Instructions for the task: Print the entire listing below word for word, excluding its pictures.

Data section:
______

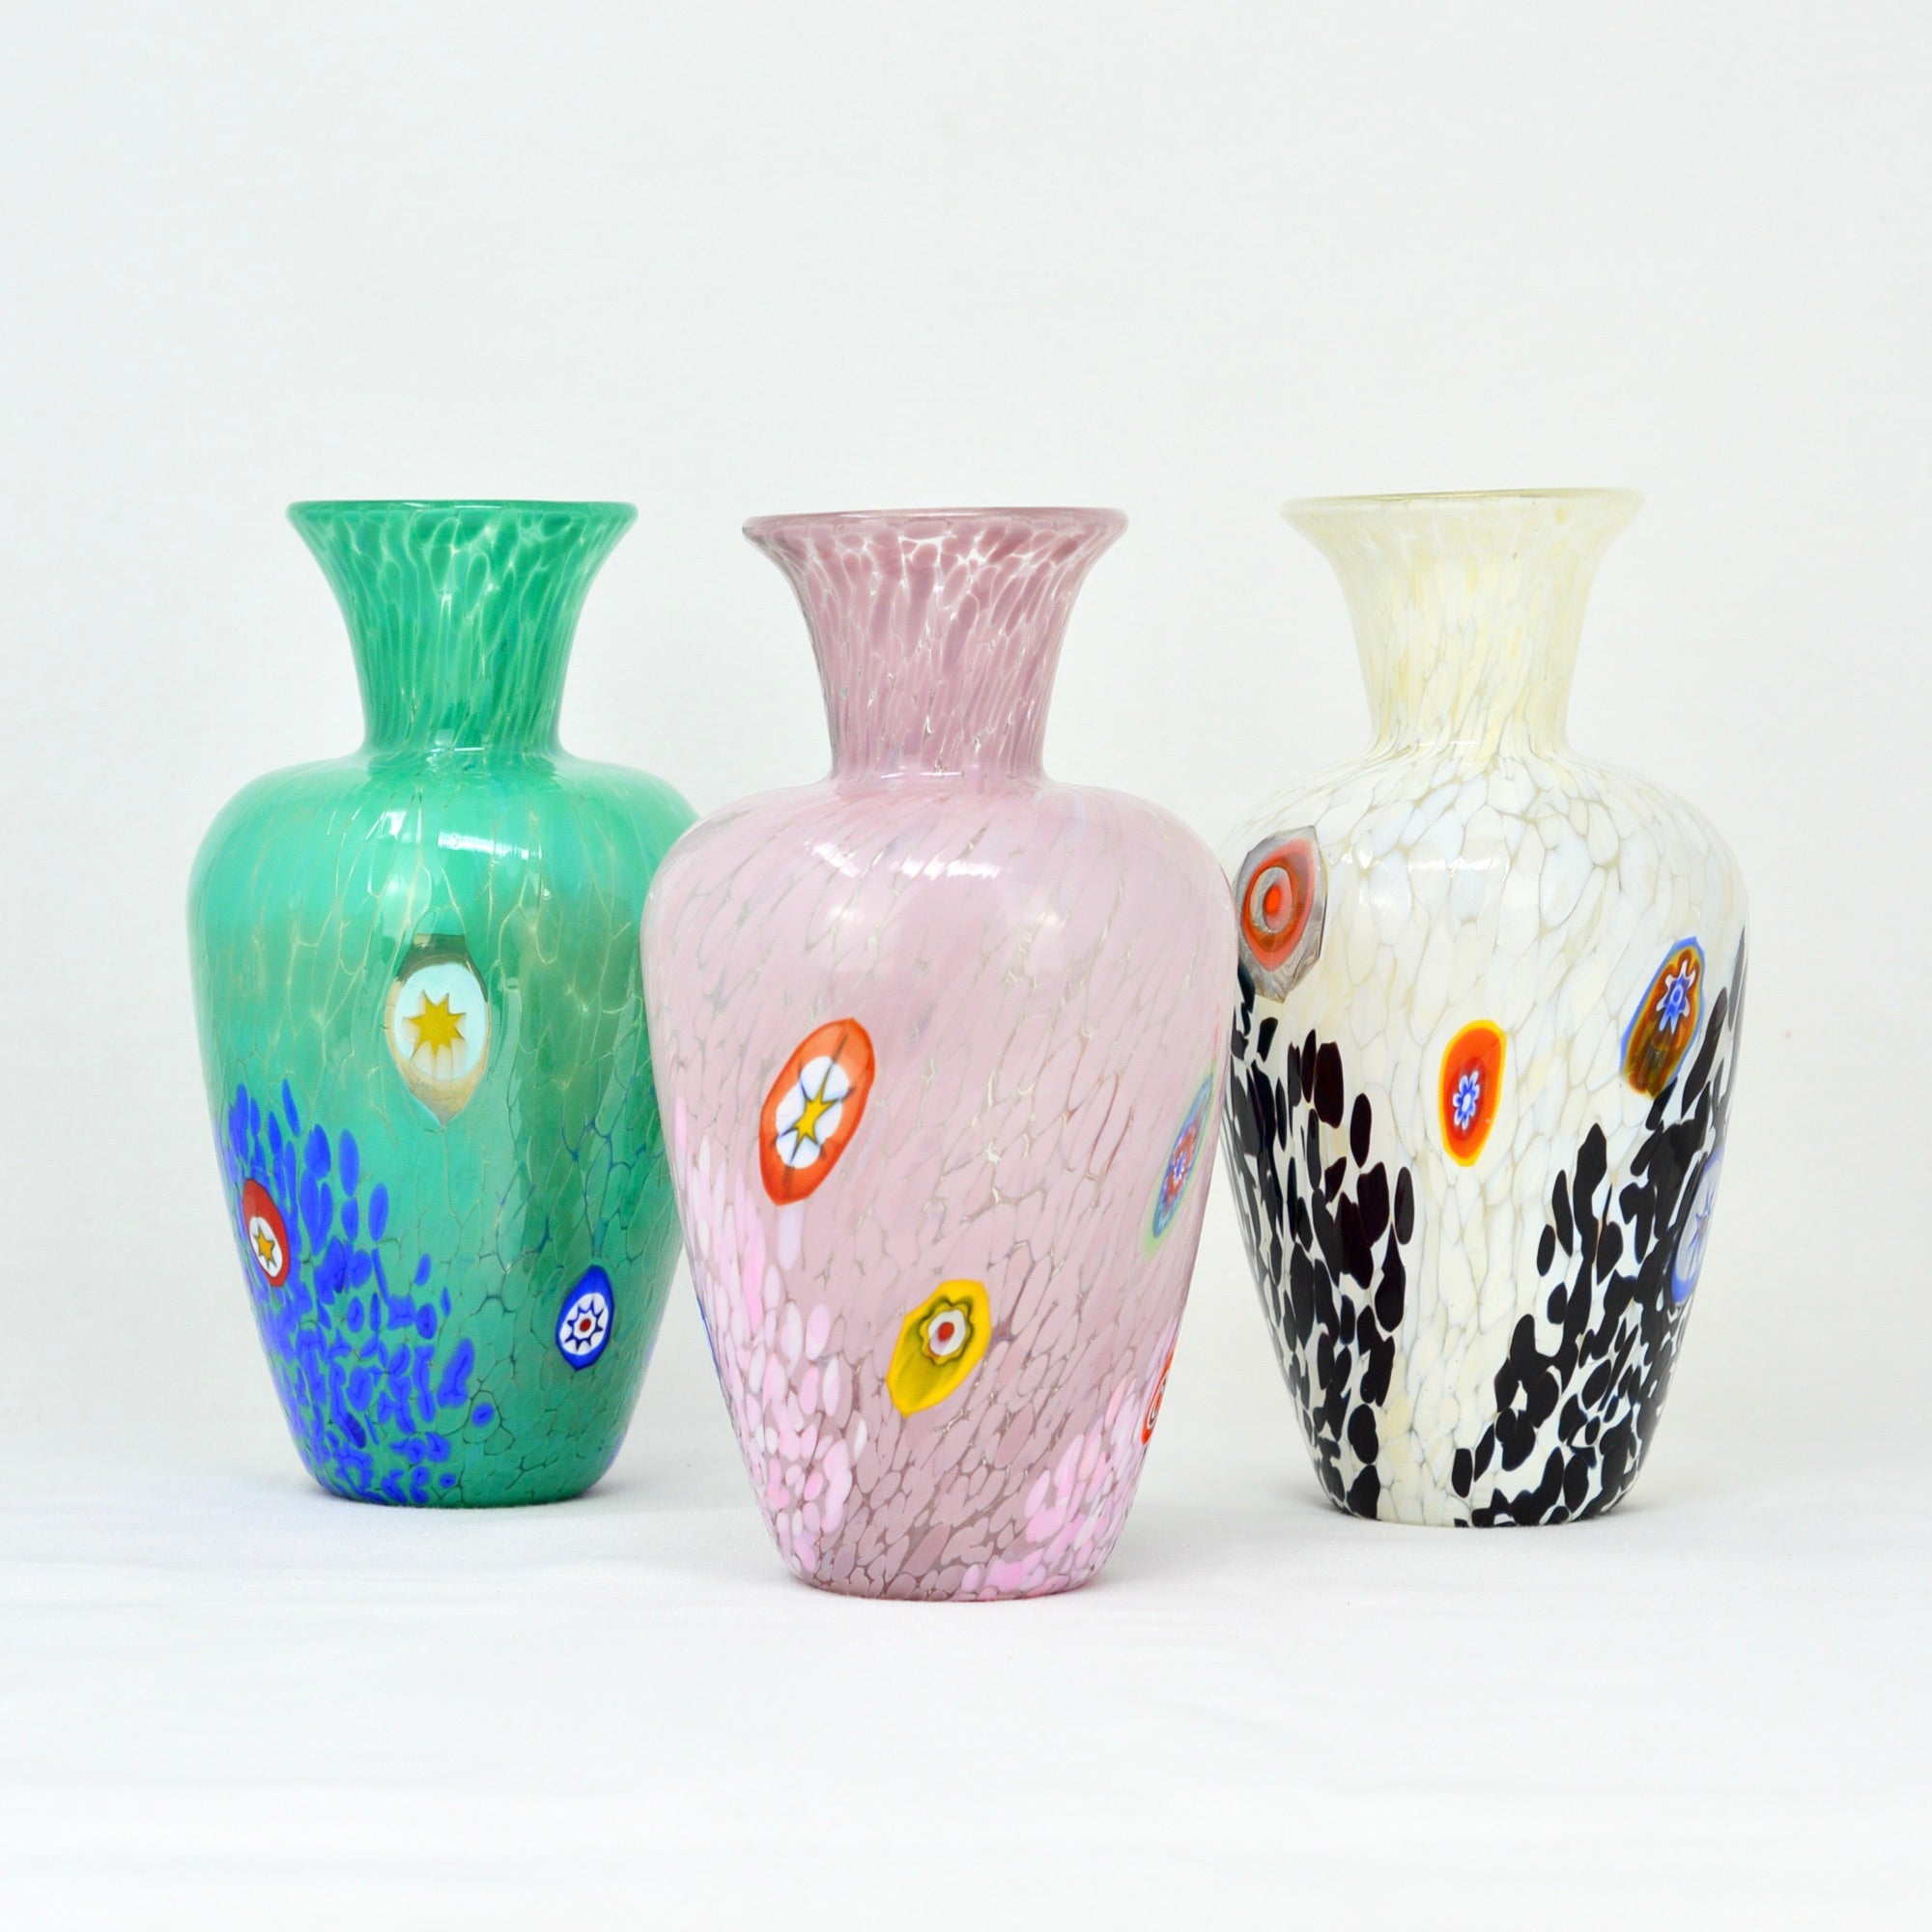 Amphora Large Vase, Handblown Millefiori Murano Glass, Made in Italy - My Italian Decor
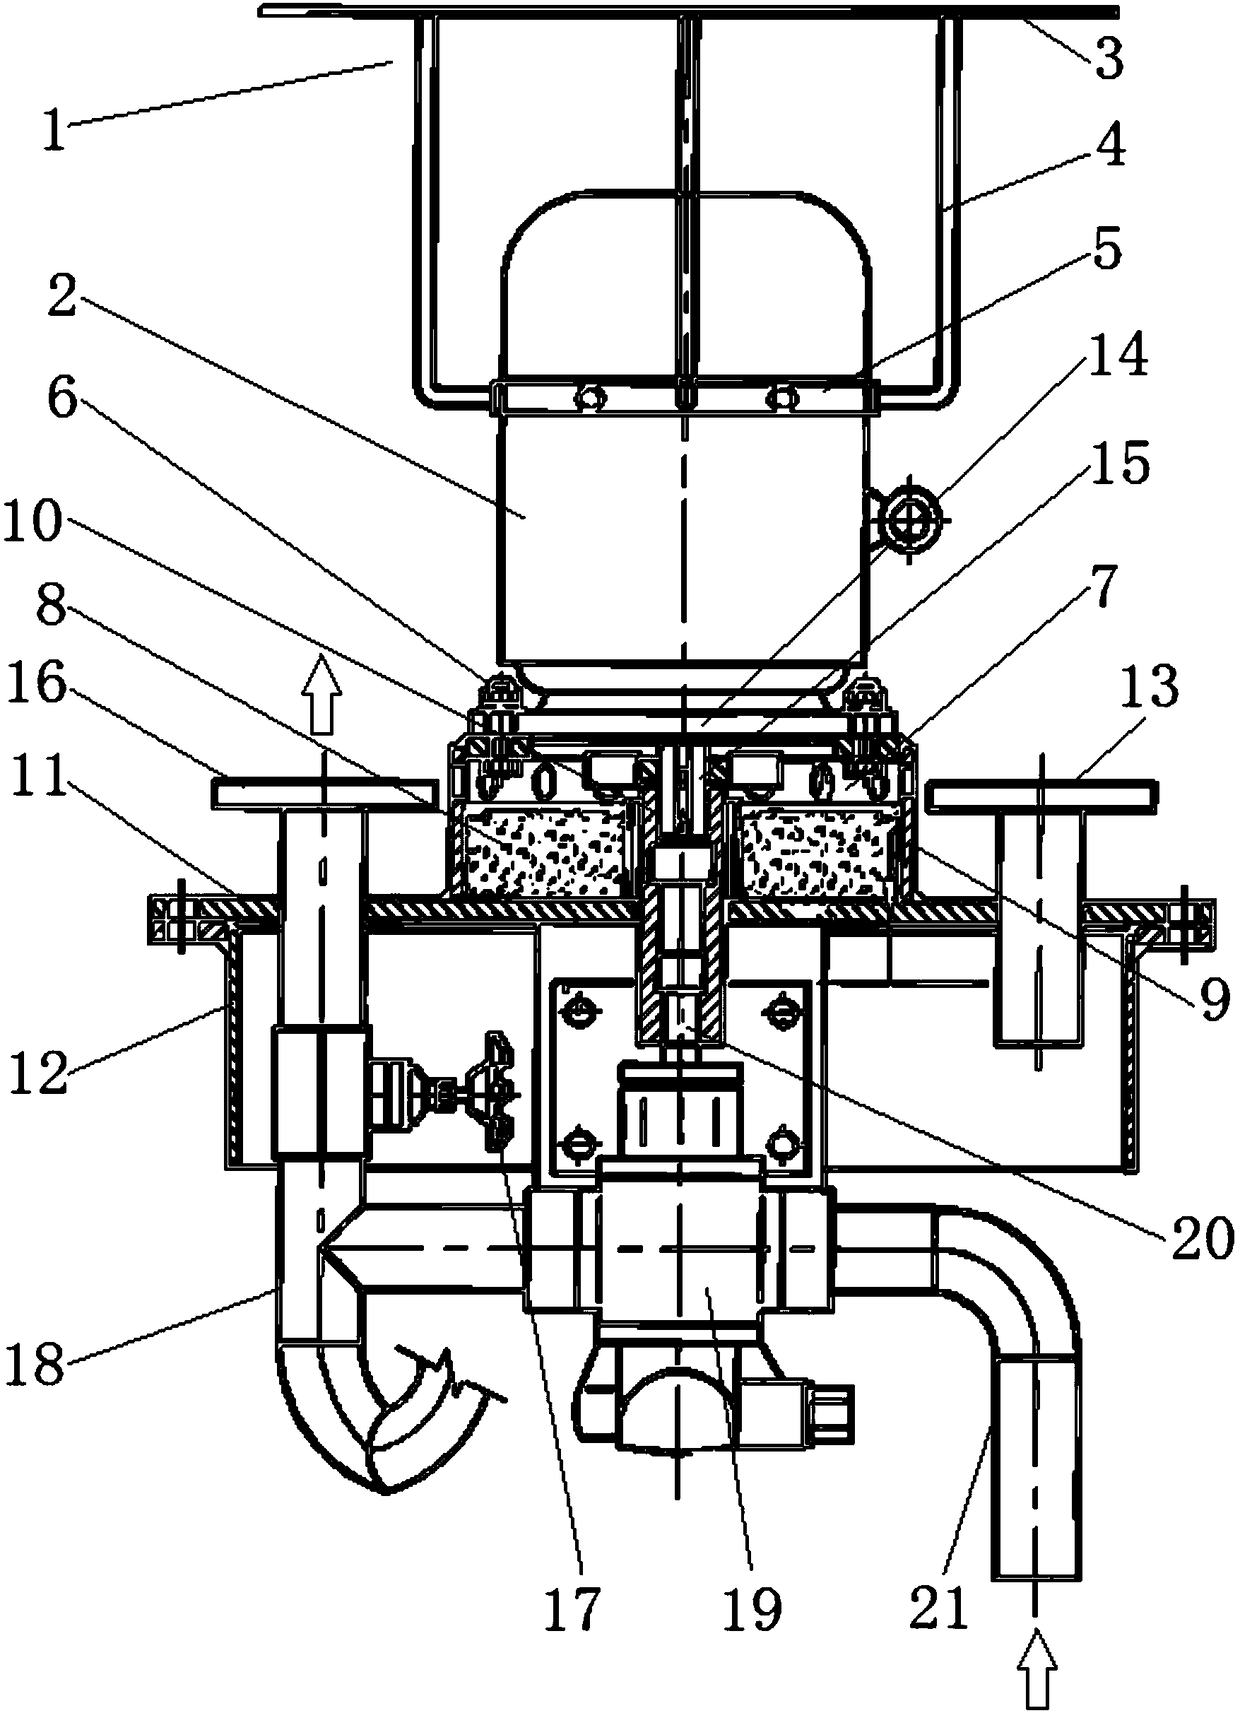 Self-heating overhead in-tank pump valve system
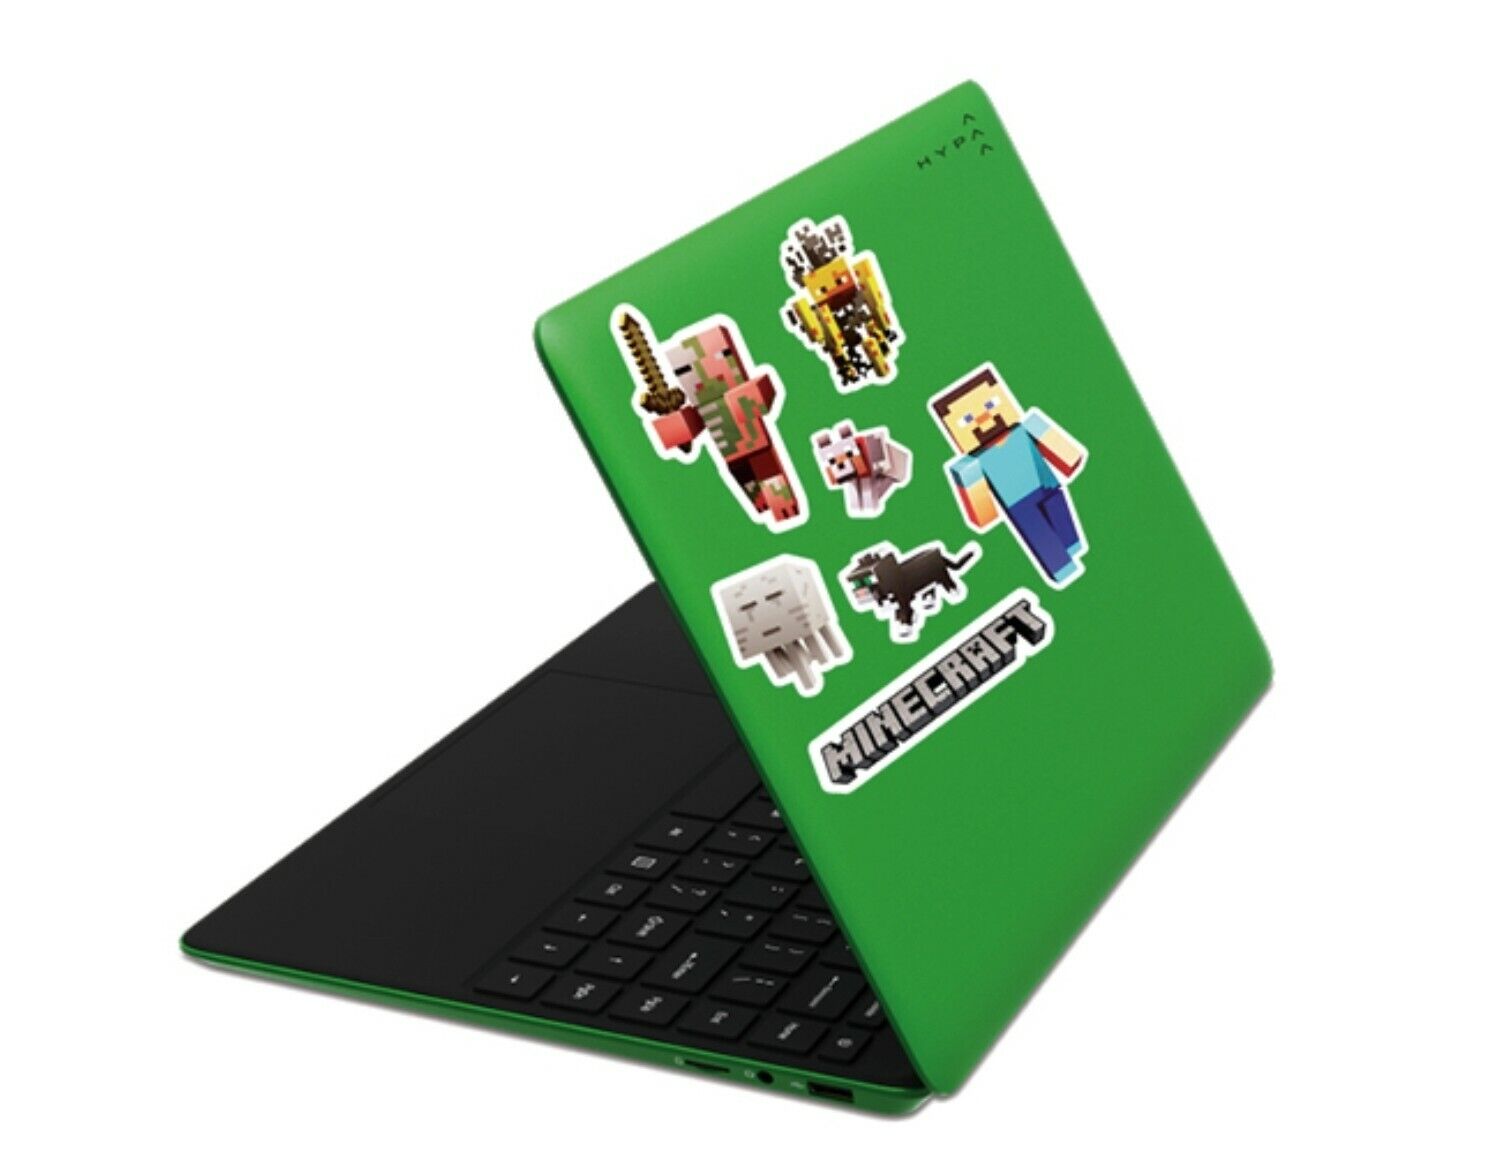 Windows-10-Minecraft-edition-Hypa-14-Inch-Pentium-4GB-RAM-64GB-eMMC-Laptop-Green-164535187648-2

______

Your solution:
 Amphora Large Vase, Handblown Millefiori Murano Glass, Made in Italy - My Italian Decor
 Self-heating overhead in-tank pump valve system
 Windows-10-Minecraft-edition-Hypa-14-Inch-Pentium-4GB-RAM-64GB-eMMC-Laptop-Green-164535187648-2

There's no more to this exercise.